* _EXERCISE GOAL_:
Skip the pictures. Output only the lines below starting at the line with "Marte. Il telescopio" and ending at the line with "Image of Baker", both ends included, exactly as they are.

* _RECORDED INFORMATION_:
┄┄┄┄┄┄┄┄┄┄┄┄┄┄┄┄┄┄┄┄

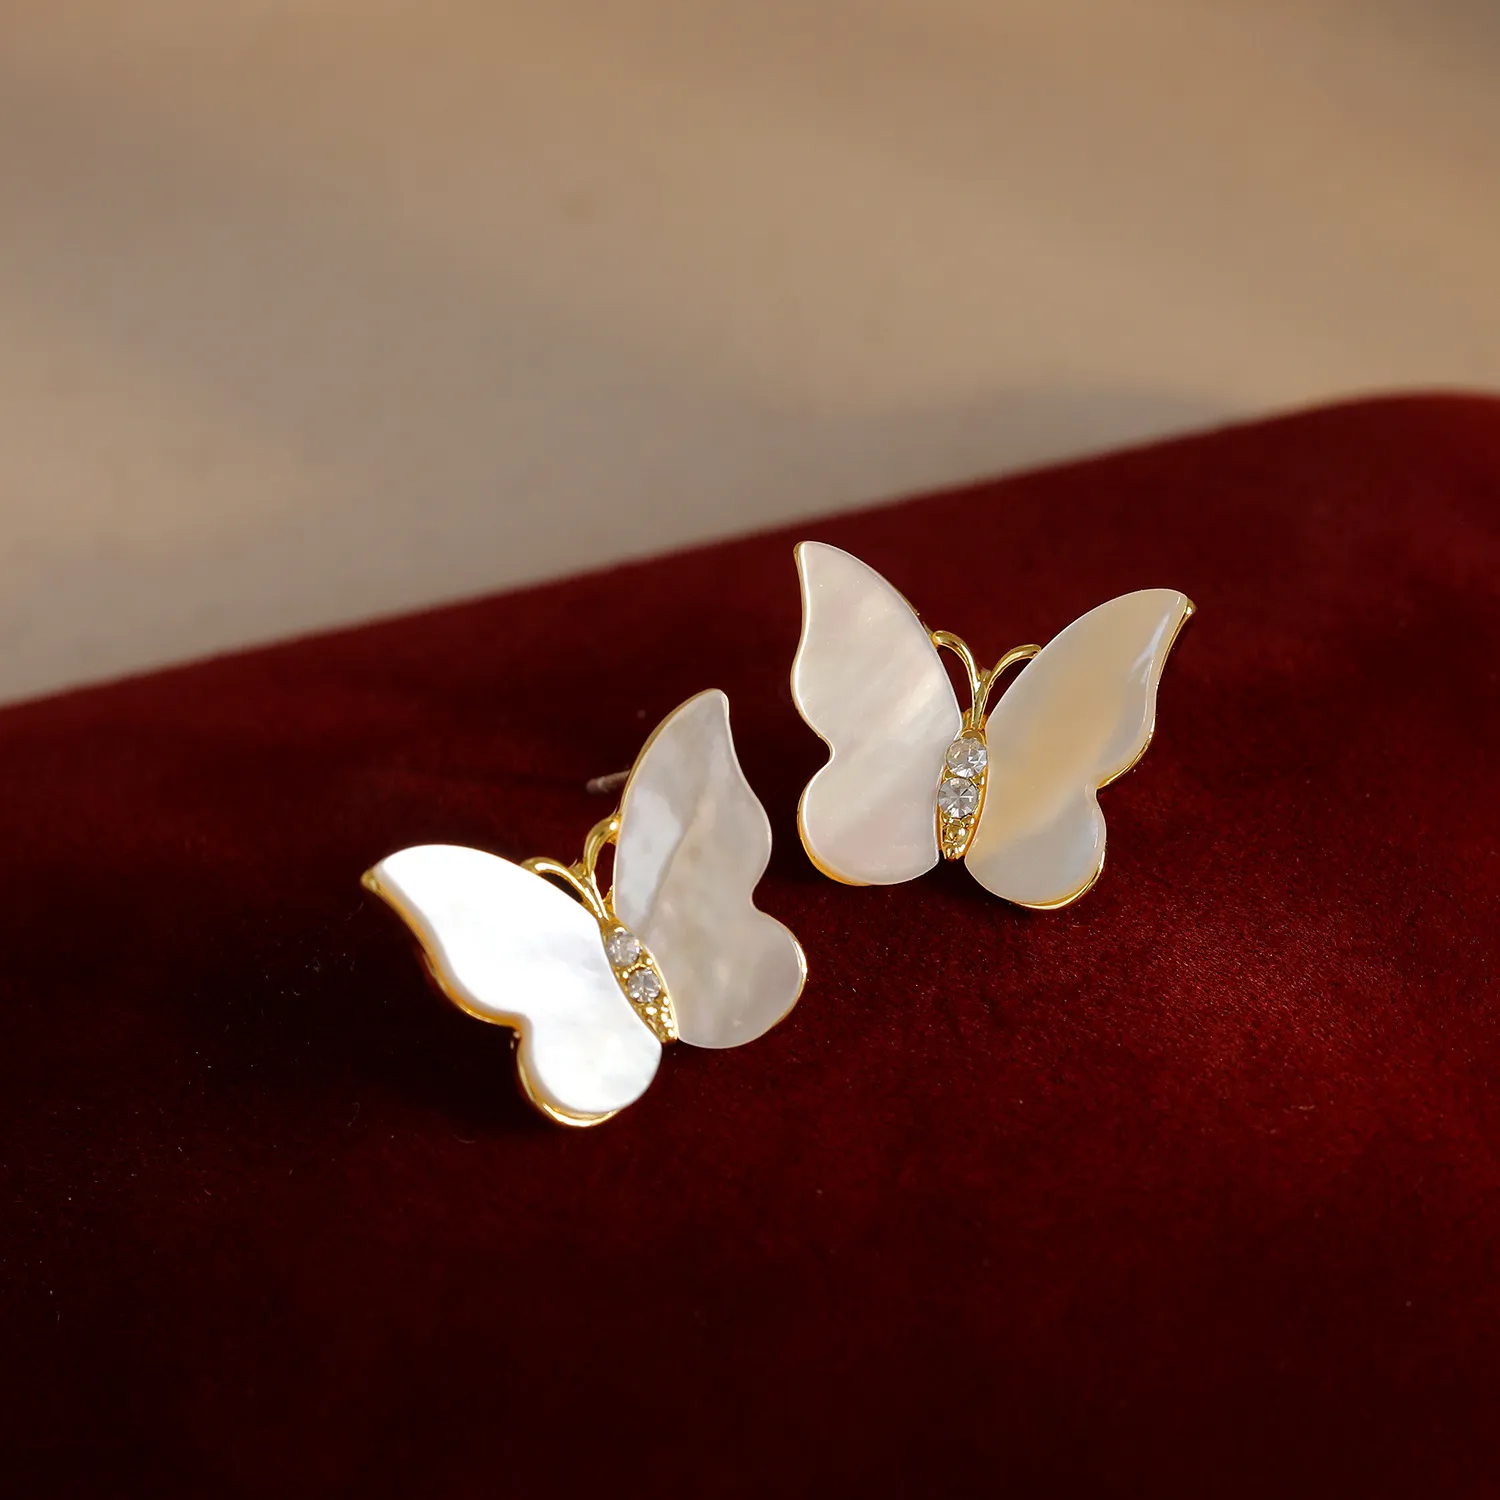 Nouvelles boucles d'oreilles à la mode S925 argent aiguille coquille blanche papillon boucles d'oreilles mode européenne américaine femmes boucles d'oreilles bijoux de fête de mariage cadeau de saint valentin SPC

┄┄┄┄┄┄┄┄┄┄┄┄┄┄┄┄┄┄┄┄

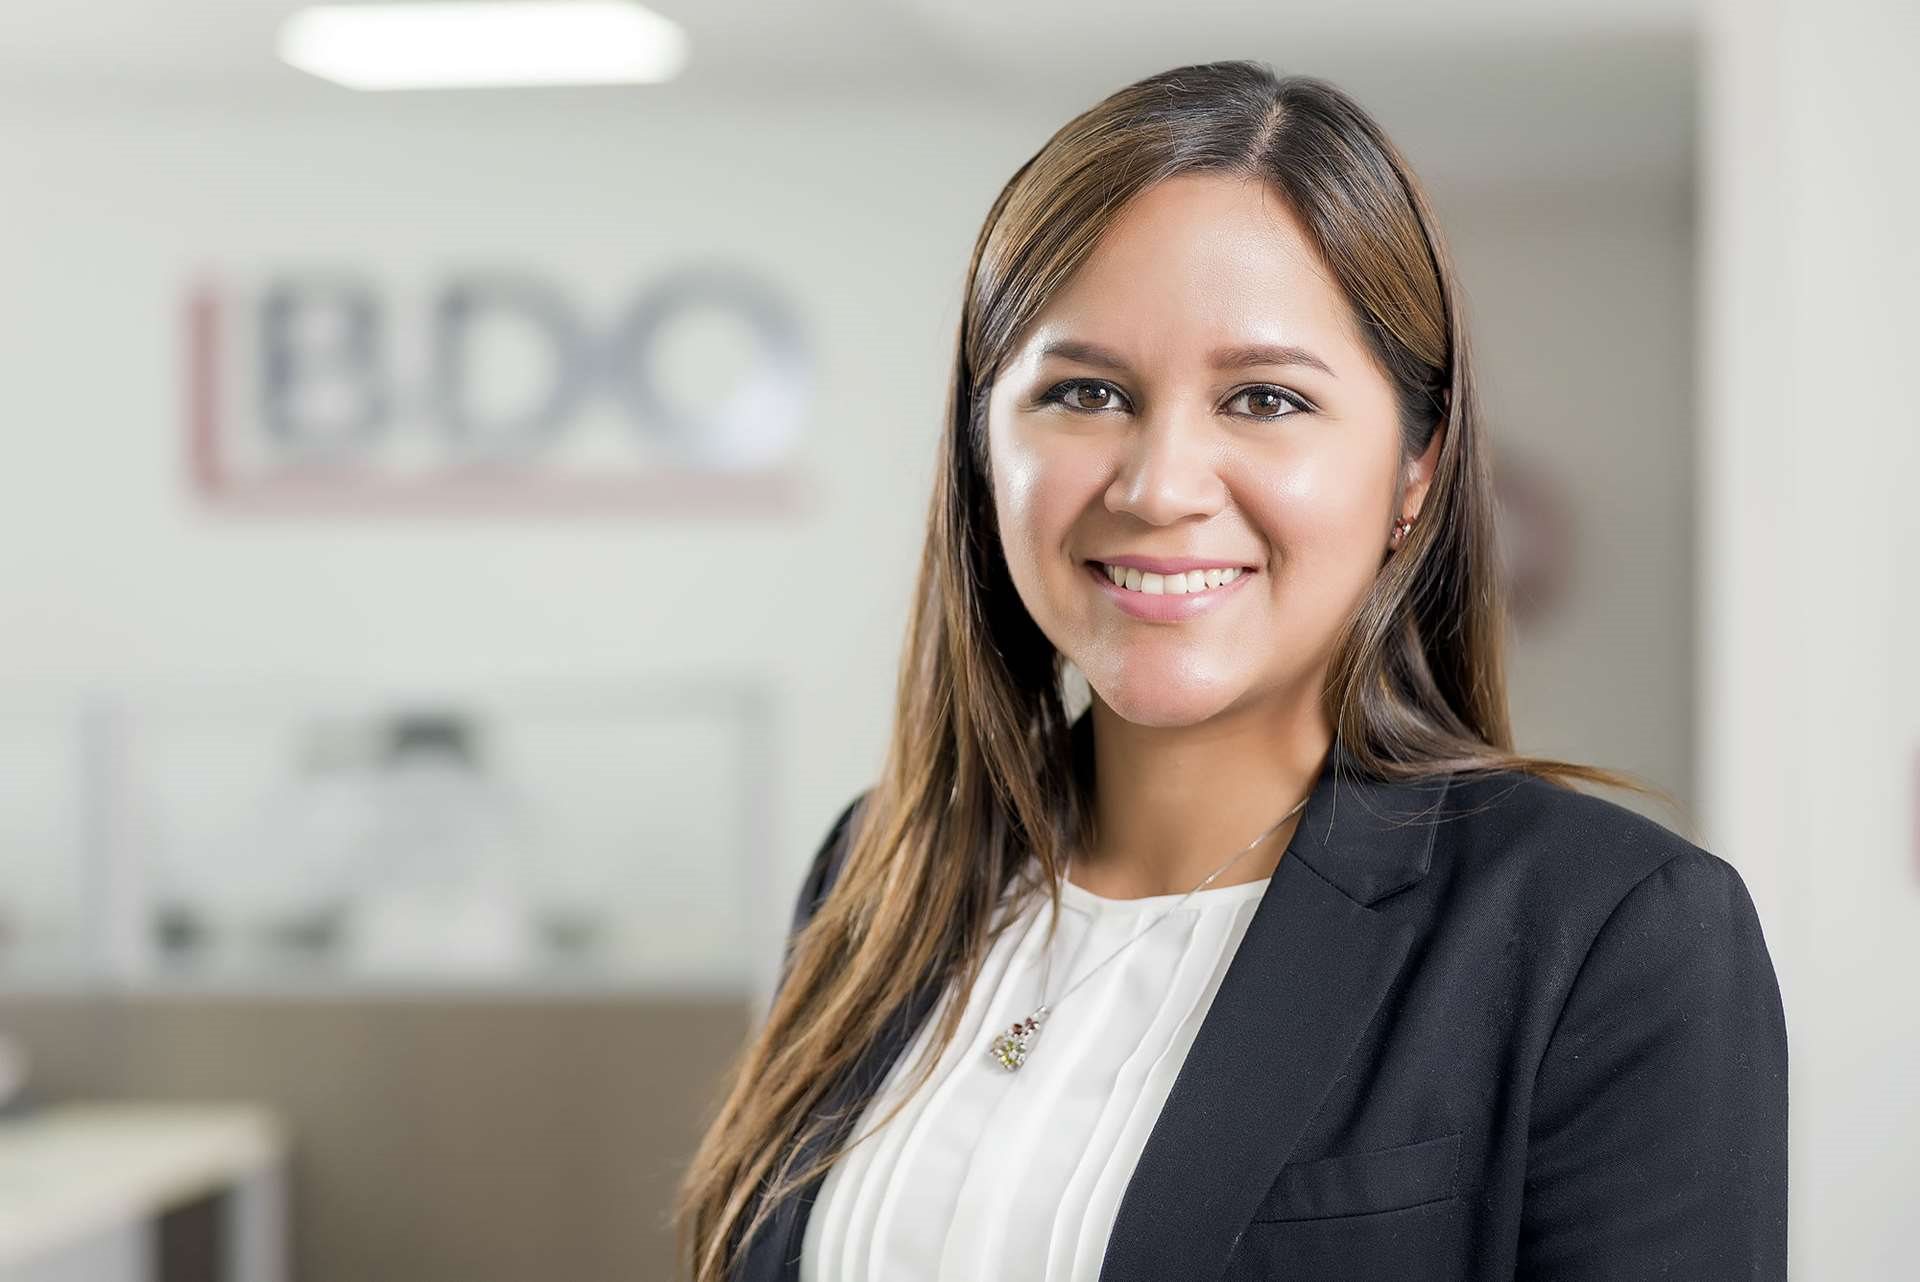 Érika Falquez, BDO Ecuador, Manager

┄┄┄┄┄┄┄┄┄┄┄┄┄┄┄┄┄┄┄┄

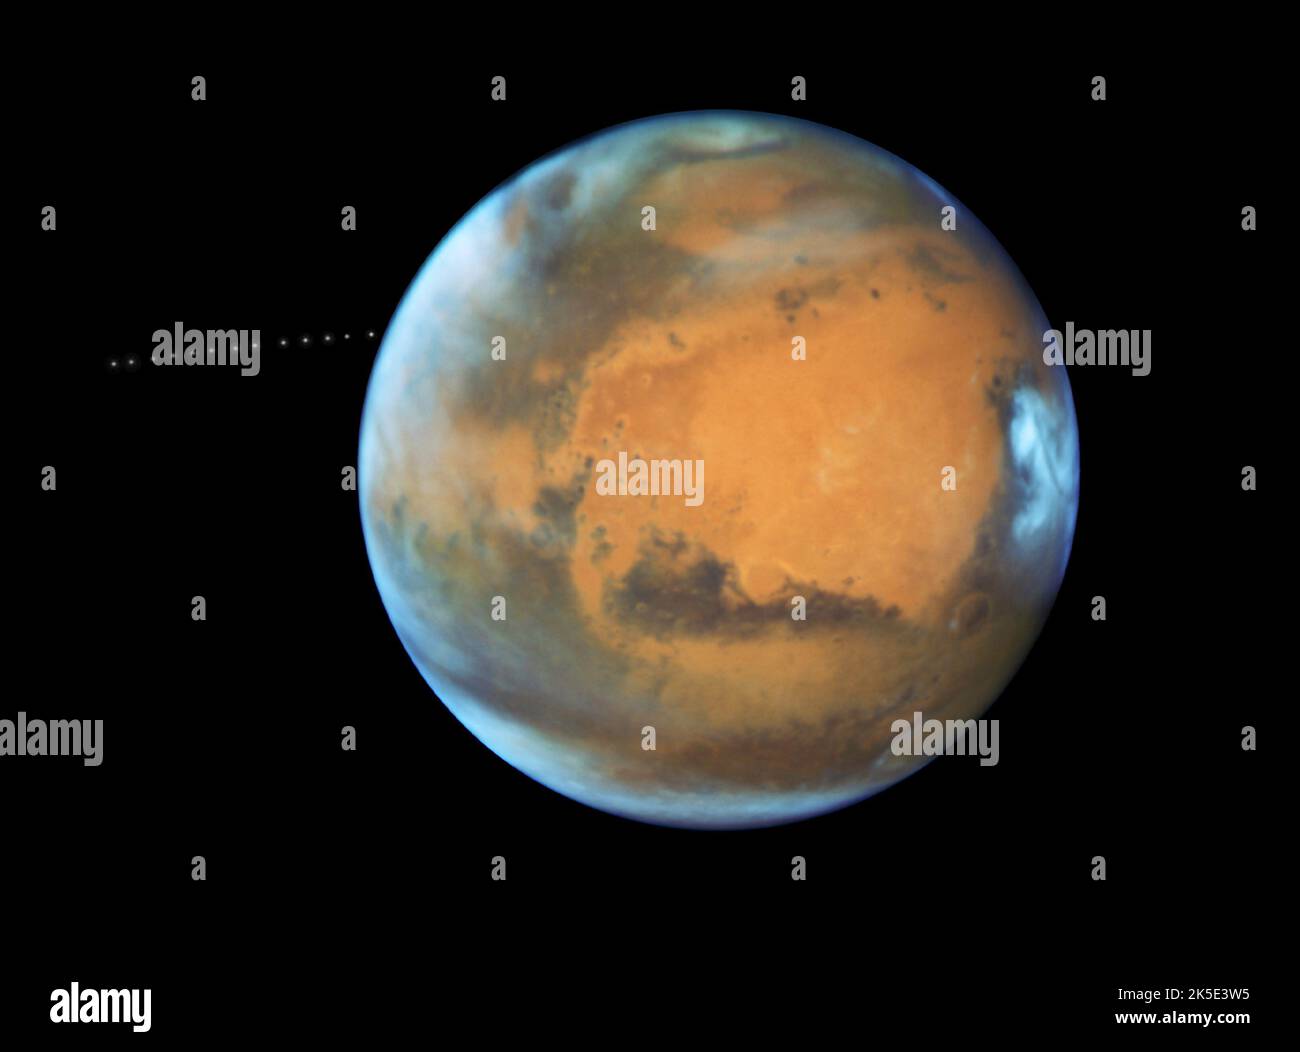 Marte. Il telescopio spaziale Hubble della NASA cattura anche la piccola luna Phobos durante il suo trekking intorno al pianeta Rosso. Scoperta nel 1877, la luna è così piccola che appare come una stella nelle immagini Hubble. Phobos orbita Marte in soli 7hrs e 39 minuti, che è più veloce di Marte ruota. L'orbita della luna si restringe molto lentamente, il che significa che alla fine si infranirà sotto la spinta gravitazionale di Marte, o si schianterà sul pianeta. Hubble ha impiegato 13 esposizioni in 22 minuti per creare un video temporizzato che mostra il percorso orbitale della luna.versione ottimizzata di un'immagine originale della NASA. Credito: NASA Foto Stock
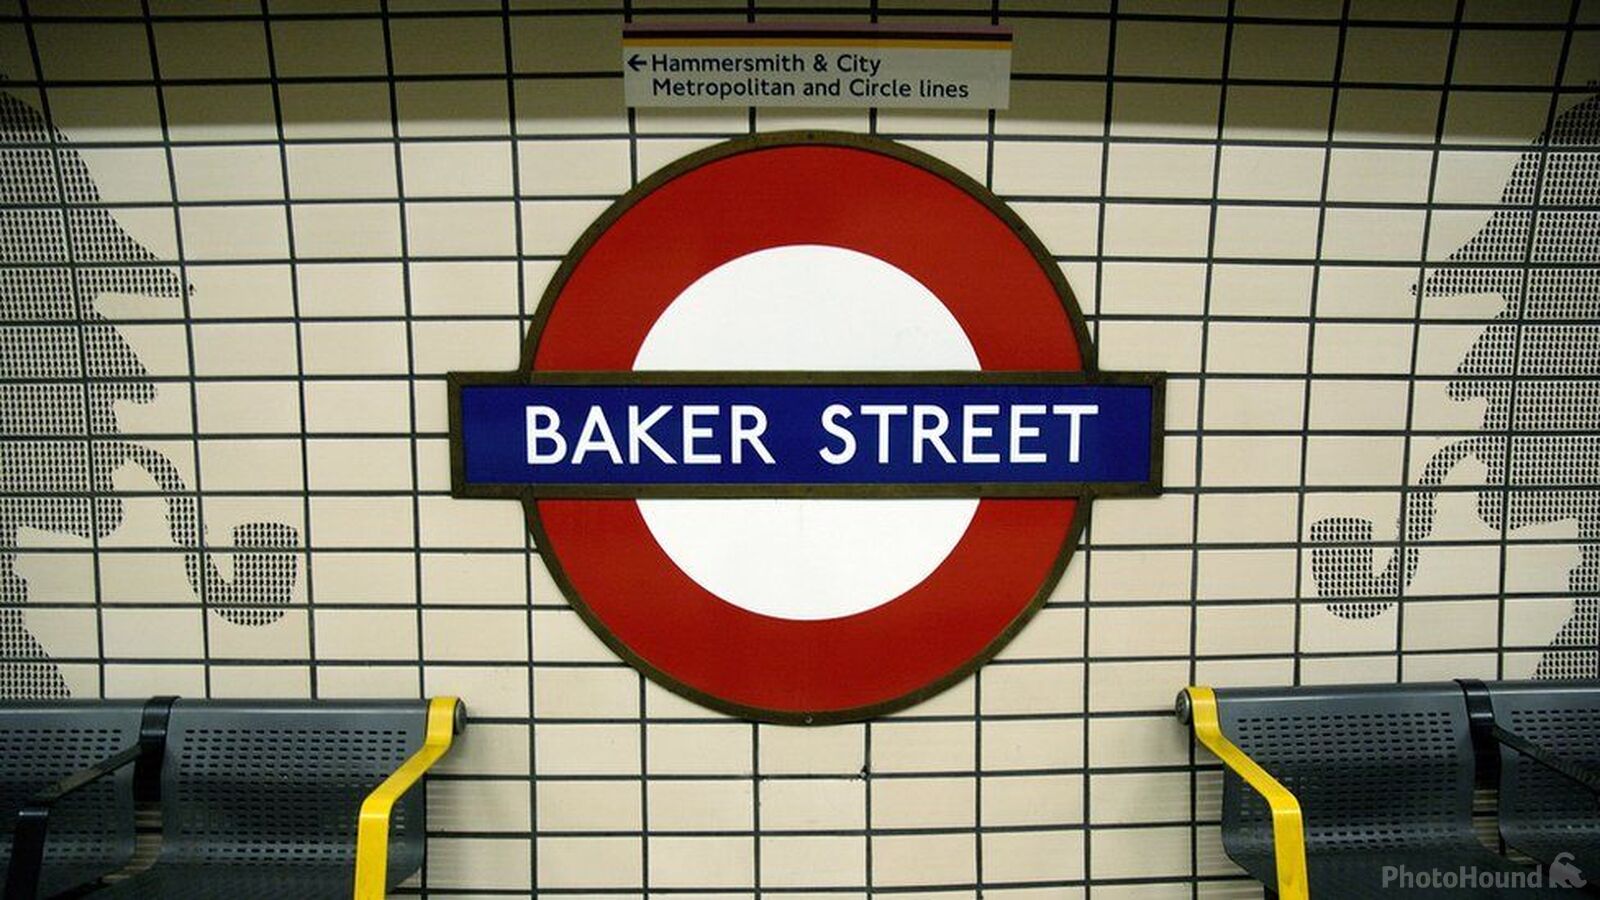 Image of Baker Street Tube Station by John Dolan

┄┄┄┄┄┄┄┄┄┄┄┄┄┄┄┄┄┄┄┄

* _EXPECTED OUTPUT_:
 Marte. Il telescopio spaziale Hubble della NASA cattura anche la piccola luna Phobos durante il suo trekking intorno al pianeta Rosso. Scoperta nel 1877, la luna è così piccola che appare come una stella nelle immagini Hubble. Phobos orbita Marte in soli 7hrs e 39 minuti, che è più veloce di Marte ruota. L'orbita della luna si restringe molto lentamente, il che significa che alla fine si infranirà sotto la spinta gravitazionale di Marte, o si schianterà sul pianeta. Hubble ha impiegato 13 esposizioni in 22 minuti per creare un video temporizzato che mostra il percorso orbitale della luna.versione ottimizzata di un'immagine originale della NASA. Credito: NASA Foto Stock
 Image of Baker Street Tube Station by John Dolan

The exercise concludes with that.